Los anti-friction coatings (AFC) de curado a temperatura ambiente son la mejor opción para temas de mantenimiento de multitud de aplicaciones en la industria. Pueden quedar totalmente secos al tacto en apenas 5-10 minutos y empezar a ser perfectamente funcionales. Incluso se puede combinar la aplicación de un recubrimiento antifricción de base con una grasa o una pasta encima. Esta combinación garantiza la solución de lubricación más robusta posible, y cobra especial importancia, por ejemplo, en la lubricación de aplicaciones que podrían entrar en criticidad con el fallo de la grasa. Los barnices antifricción de curado a temperatura ambiente son soluciones rápidas y de muy sencilla utilización. Y además pueden también estar disponibles en formato spray.

Los recubrimientos curados por temperatura son excelentes para la lubricación de piezas acabadas, ya que garantizan un anclaje más robusto y exhiben mejores valores de resistencia. En dichas piezas acabadas, el coste energético que supone la utilización de un horno queda totalmente compensado con la mejora de las prestaciones. Las temperaturas de curado y sus respectivos tiempos se dan en las fichas técnicas. El tiempo de curado puede fluctuar ligeramente dependiendo del tamaño de las piezas su superficie de cobertura, ubicación de las áreas a recubrir y su sección transversal. Para activar el curado, pueden utilizarse hornos de circulación de secado de pintura, hornos convencionales o incluso también es posible usar un aporte de calor mediante infrarrojos.

Por último, en todos los tipos de recubrimientos antifricción (AFC) siempre interesa que la superficie donde se vayan a aplicar esté lo más limpia posible para favorecer el anclaje. Se recomienda una prueba de limpieza con los disolventes Molykote L-13 Thinner o bien Molykote 7415 Thinner , que también pueden ser utilizados para verificar la curación. Si se quita el revestimiento con alguno de estos solventes, la película no está completamente curada. 


Espesor del recubrimiento 

El espesor de la película protectora tiene una influencia considerable en la vida útil, el coeficiente de fricción y las propiedades anticorrosión de los revestimientos antifricción. Debe ser mayor que la rugosidad superficial de las superficies de contacto y generalmente está entre 5 y 20 μm. Es mejor aplicar una capa tan fina como sea posible en ambas superficies enfrentadas, en lugar de una capa relativamente gruesa en una sola superficie, ya que las capas más gruesas no soportan cargas mecánicas tas pesadas ni esfuerzos tangenciales tan grandes porque los anclajes se están produciendo en capas de AFC sobre AFC, cuando la fijación más robusta es la que se da entre el AFC sobre sustrato.

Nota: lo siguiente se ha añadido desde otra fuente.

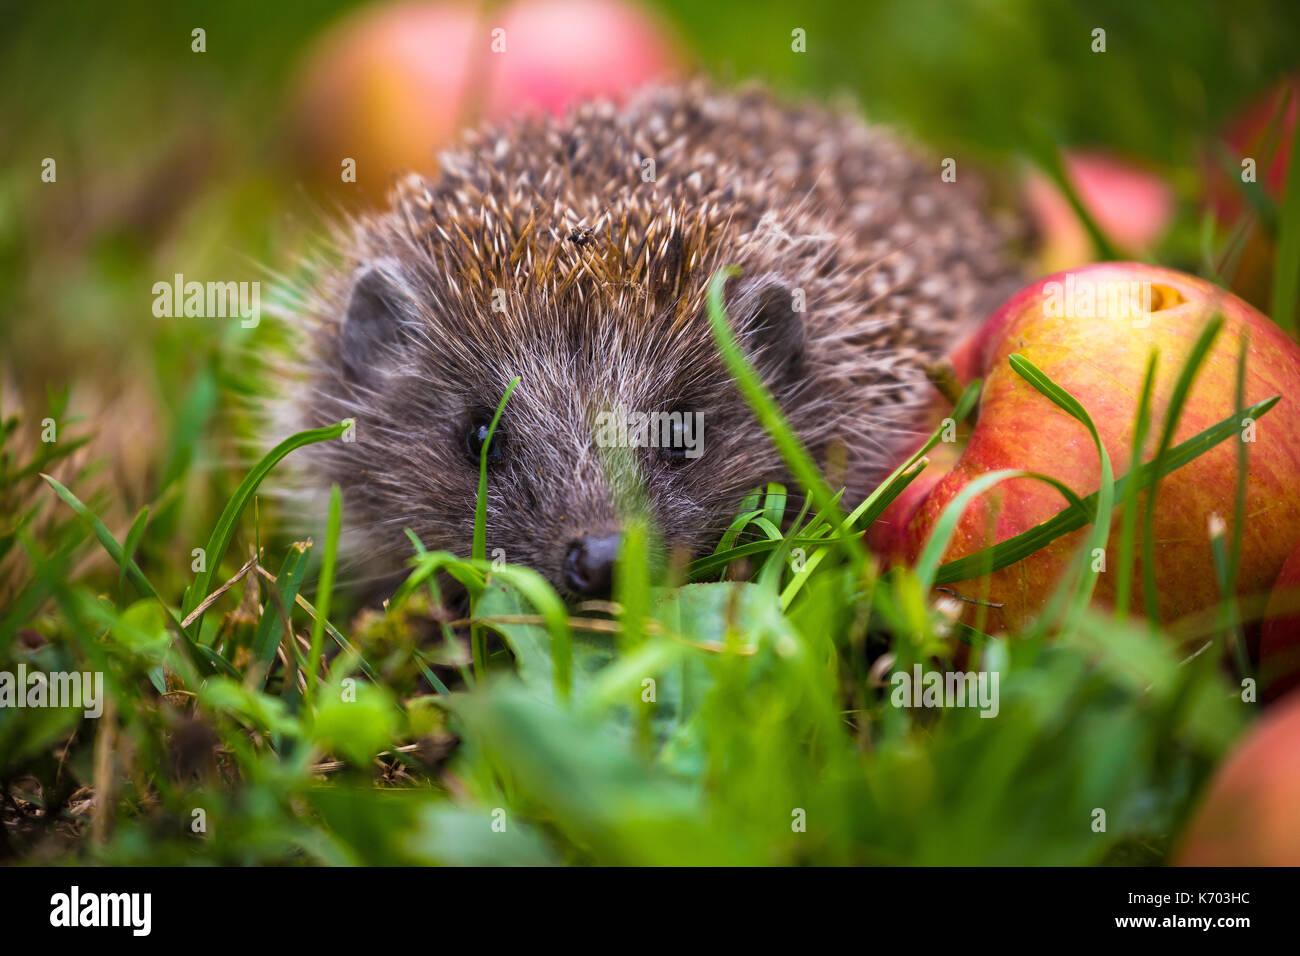 Hedgehog and aplles in nature view, wildlife portrait of Erinaceus europaeus - Stock Image

Los siguientes métodos se pueden usar para medir el grosor de la capa: 

  1. Método magnético de acuerdo con DIN 50 981 / ISO 2178 sobre sustancias básicas ferromagnéticas.
  2. Método de corrientes de Foucault según DIN 50 984 / ISO 2360 sobre metales no ferrosos.
  3. Método de retrodispersión de partículas Beta según DIN 50 983 / ISO 3543 sobre plásticos. 
  4. En casos excepcionales (cuando los métodos anteriores no están disponibles), micrómetro, perfilometría y métodos ópticos.

Eliminación de anti-friction coatings (pelado) 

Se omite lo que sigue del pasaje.